They were most strange. They radiated a definitely familiar quality as they stood there gazing down the room. At nothing. There was no trace of the awareness of exposure that set the faces of the women sitting about within view, large-hatted in deep chairs; awareness or careful unawareness. Yet as they moved, now, slowly along the clear spaces of the room, they were visibly the figures of an ordeal. Stately in their white-robed splendour, they were still piteous. Something was dispelling the conventional charm usually inseparable from the spectacle of beauty, tall and well-clothed, moving slowly through a room.
The depth of her interest inspired Miriam to feed her conversation with Miss Holland and remain at the same time free to watch. The mystery cleared as the figures drew near. They were sisters, the one quite ordinary, fully aware and fitted out with the regulation feminine charm of bearing. Conscious of piled brown hair, of brilliant oval cheeks, of dark and lively eyes. The upturning bow of her mouth was set in a smile. So it would be set, thought Miriam, years ahead, when the nose and the chin began to approach each other. She was the elder. But her few extra years, the ardour of her head and her splendid form, were in leash to the being of the other. She it was who came unseeing and produced the strange effect. Slender, in childish muslin beside her sister’s opulent sophisticated lace, she was formidable. Below her dark hair, drawn flat to the shape of her head, yet set round it like a mist, was the strong calm face of a healthy child, a mask clear of expression and colourless but for the eyes that were startling. Life flowed from her eyes as if it would wither the air before them. Where was she? Whence, round-faced child, had she gathered her wealth of suffering? Her beauty was the beauty of a transfiguration. Here, on this plain afternoon, at the Belmont, amongst friends.

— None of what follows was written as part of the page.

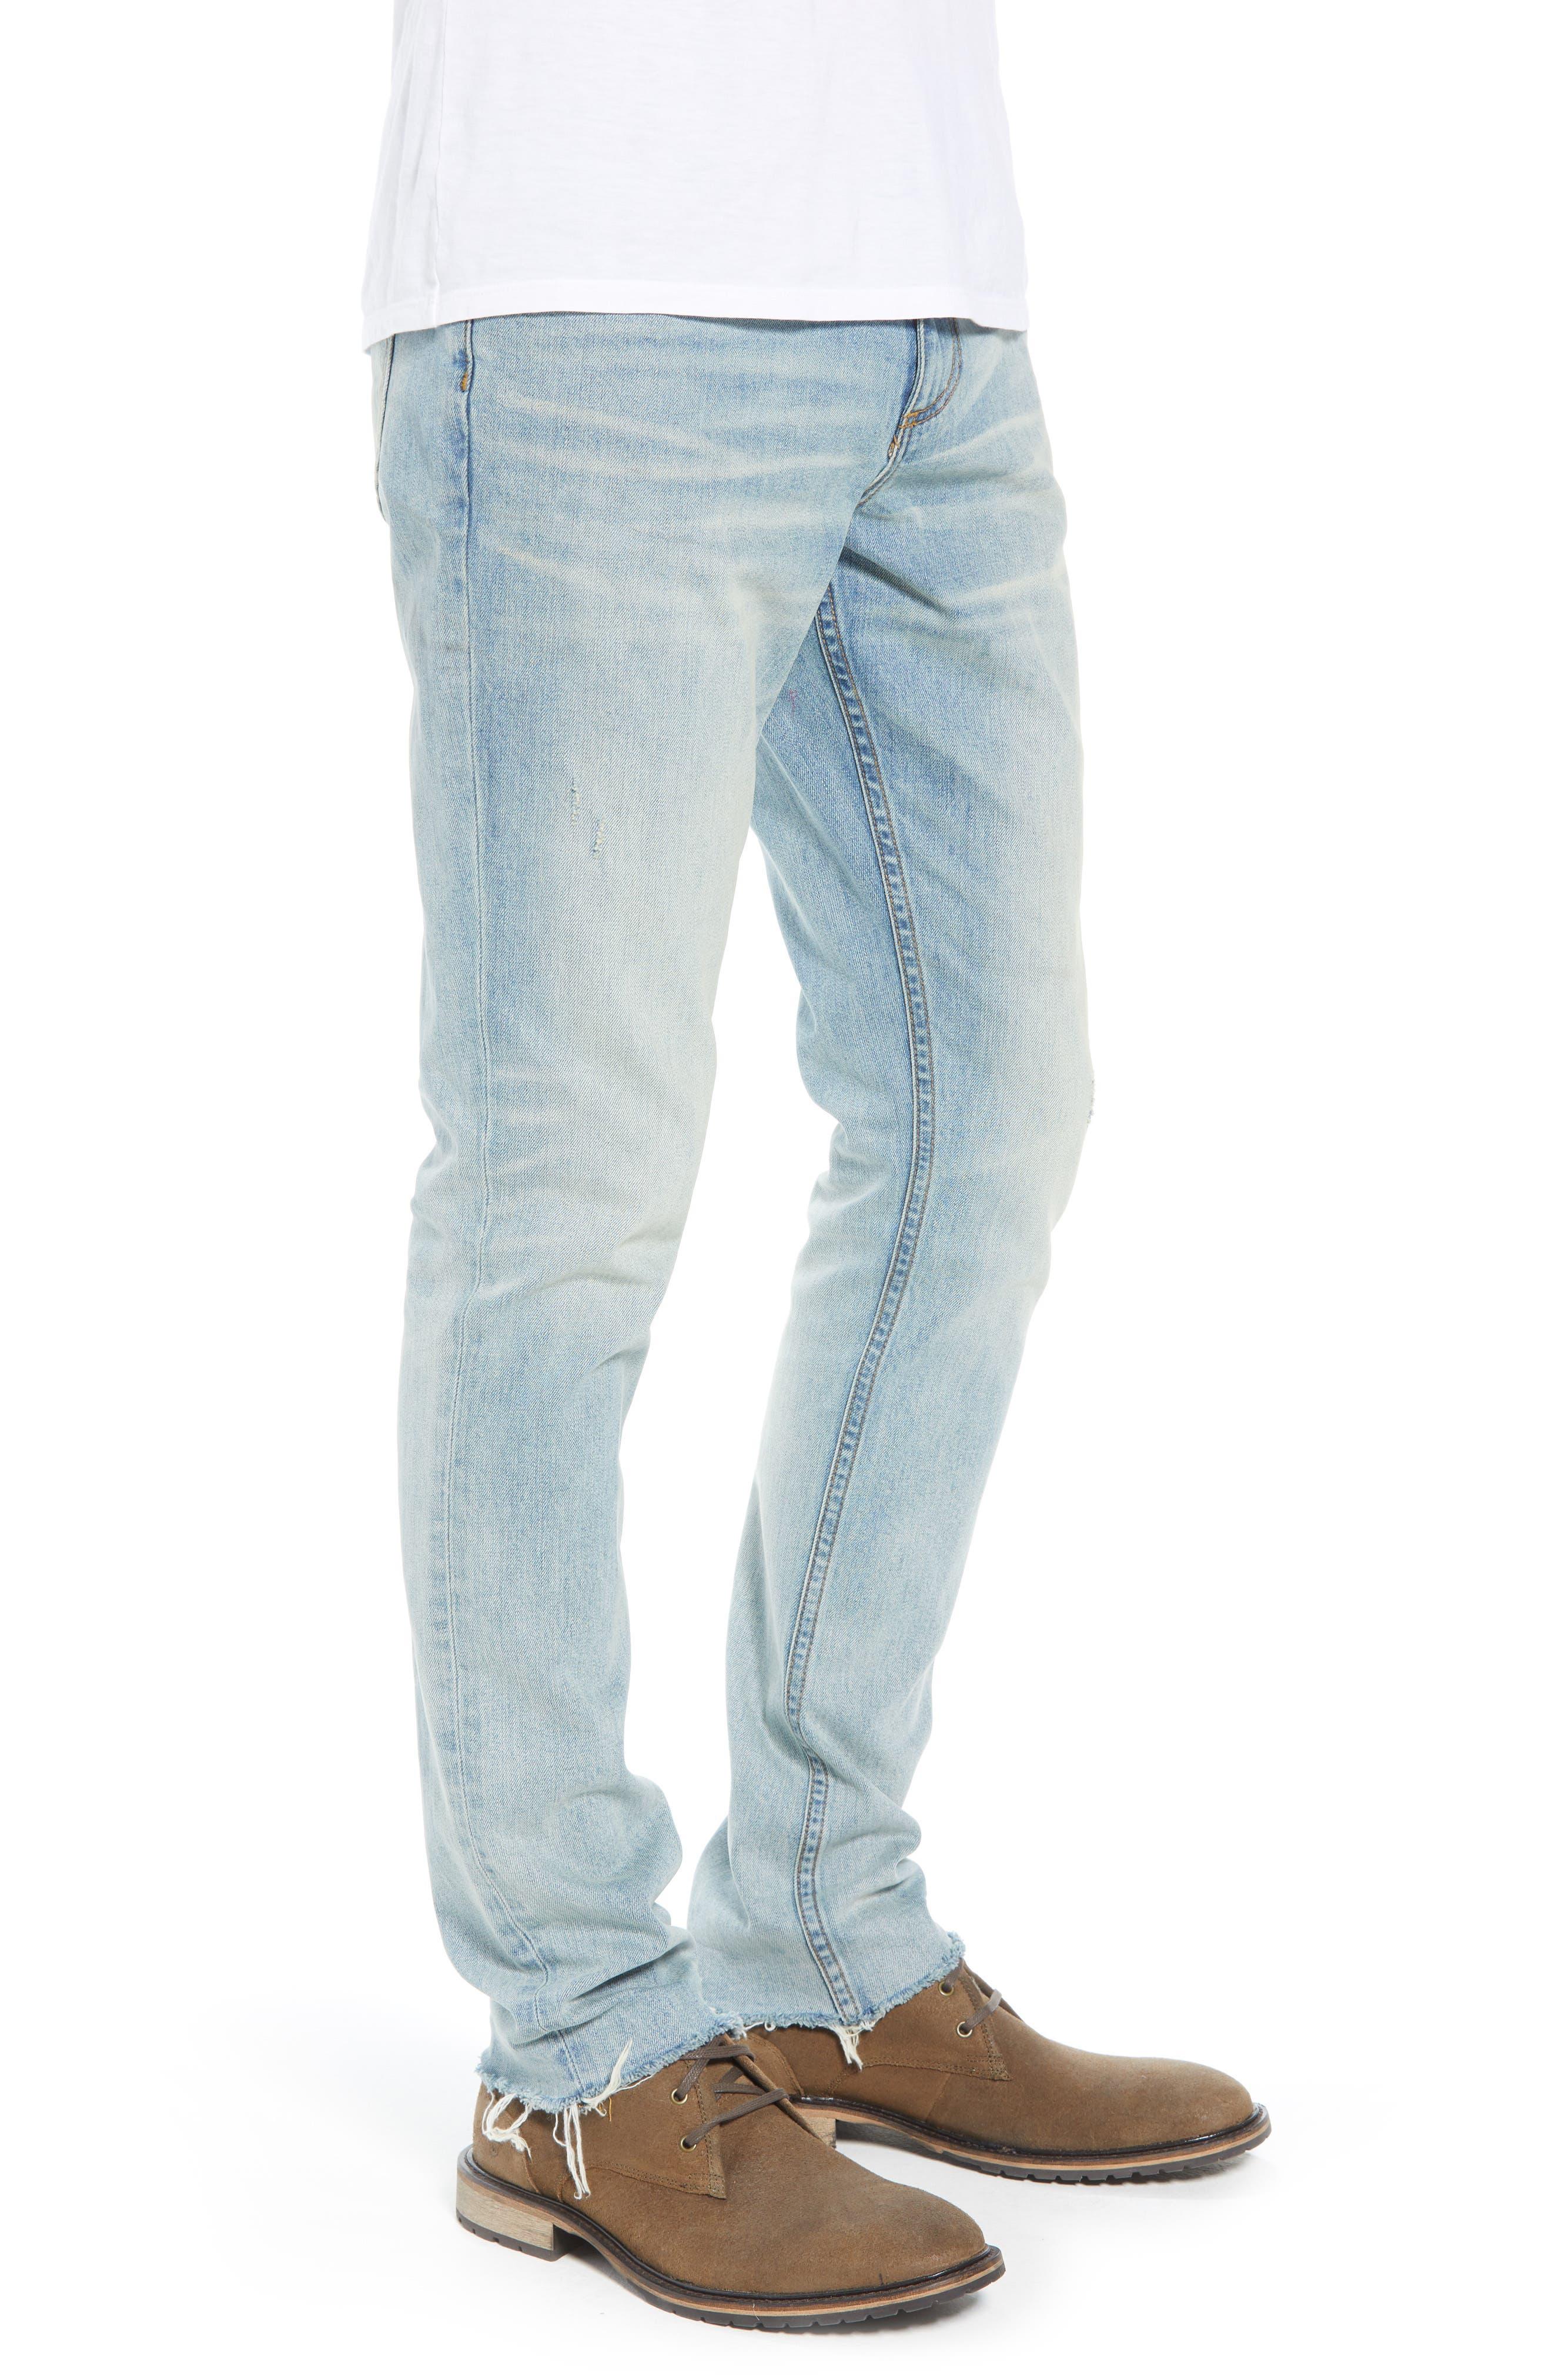 Slim Fit Jeans,                             Alternate thumbnail 3, color,                             BLUE FADED LIGHT WASH

Reluctantly, as they came quite near, Miriam averted her screened gaze and met the eyes of the other. Here was conciliation, a deprecating fearfulness changing suddenly as she came in view of Miss Holland.
“My,” she vowed, wide-mouthed for the leisurely vowel, “it’s Miss Halland.”
Americans! Then perhaps the other girl merely had neuralgia. Miss Holland had turned, and Miriam saw her swift disclaiming glance and its change into the shy but brightly charmed and charming smile, accompanying the greeting that was yet so formal and in its apologetic disdainfulness so like her voice. She was hidden now behind the tall white figures. Their voices, playing about her and expanding into the room, killed Miriam’s interest. There was, for her, something in the American voice that robbed its communications of any depth of meaning. The very ease of their talk, its expressiveness, the direct swift way they handled their stores of information and communicated their thoughts, made even the most fascinating topics fall dead, rifled of essential significance.
9
Her stranded attention was caught by the sound of blended voices approaching from the door. Voices in the midst of talk, having come into the room talking, but not in the least in the English way of making conversation to cover an entry. They were in full swing, their sentences overlapping. Obviously noticing nothing and no one. They were using the club as a place to talk in, and were one voice. Sisters or cousins. Yet they had arranged themselves in chairs without breaking their talk, which went forward so eagerly that they seemed to be exchanging opinions for the first time. Now where had she heard, between sisters, exactly that effect? Somewhere between members of a large family that formed a society in itself?
No, the three Bannerman girls, just three, no more, living in seclusion with their parents, marching about all over Barnes for years, in perpetual conversation in high, rapid voices....
They had suddenly appeared at the church decorations, keeping it up even there, amongst themselves. Speaking to no one else. Being really interested, but somehow conveying their conviction that the people all around them were too stupid even to be noticed. They had accepted work politely, making clever comments without looking at those who instructed them, and then sat there with quickly moving fingers and a ceaseless fretting of voices. Always one shape of tone: beginning on a refined argumentative switchback of sound. Harriett had caught it, taking them off, for days.
“Isn’t it verray remarkable, my dear Miriam, that such a singularly tall man as Mr. Spiffkins should be a radical?”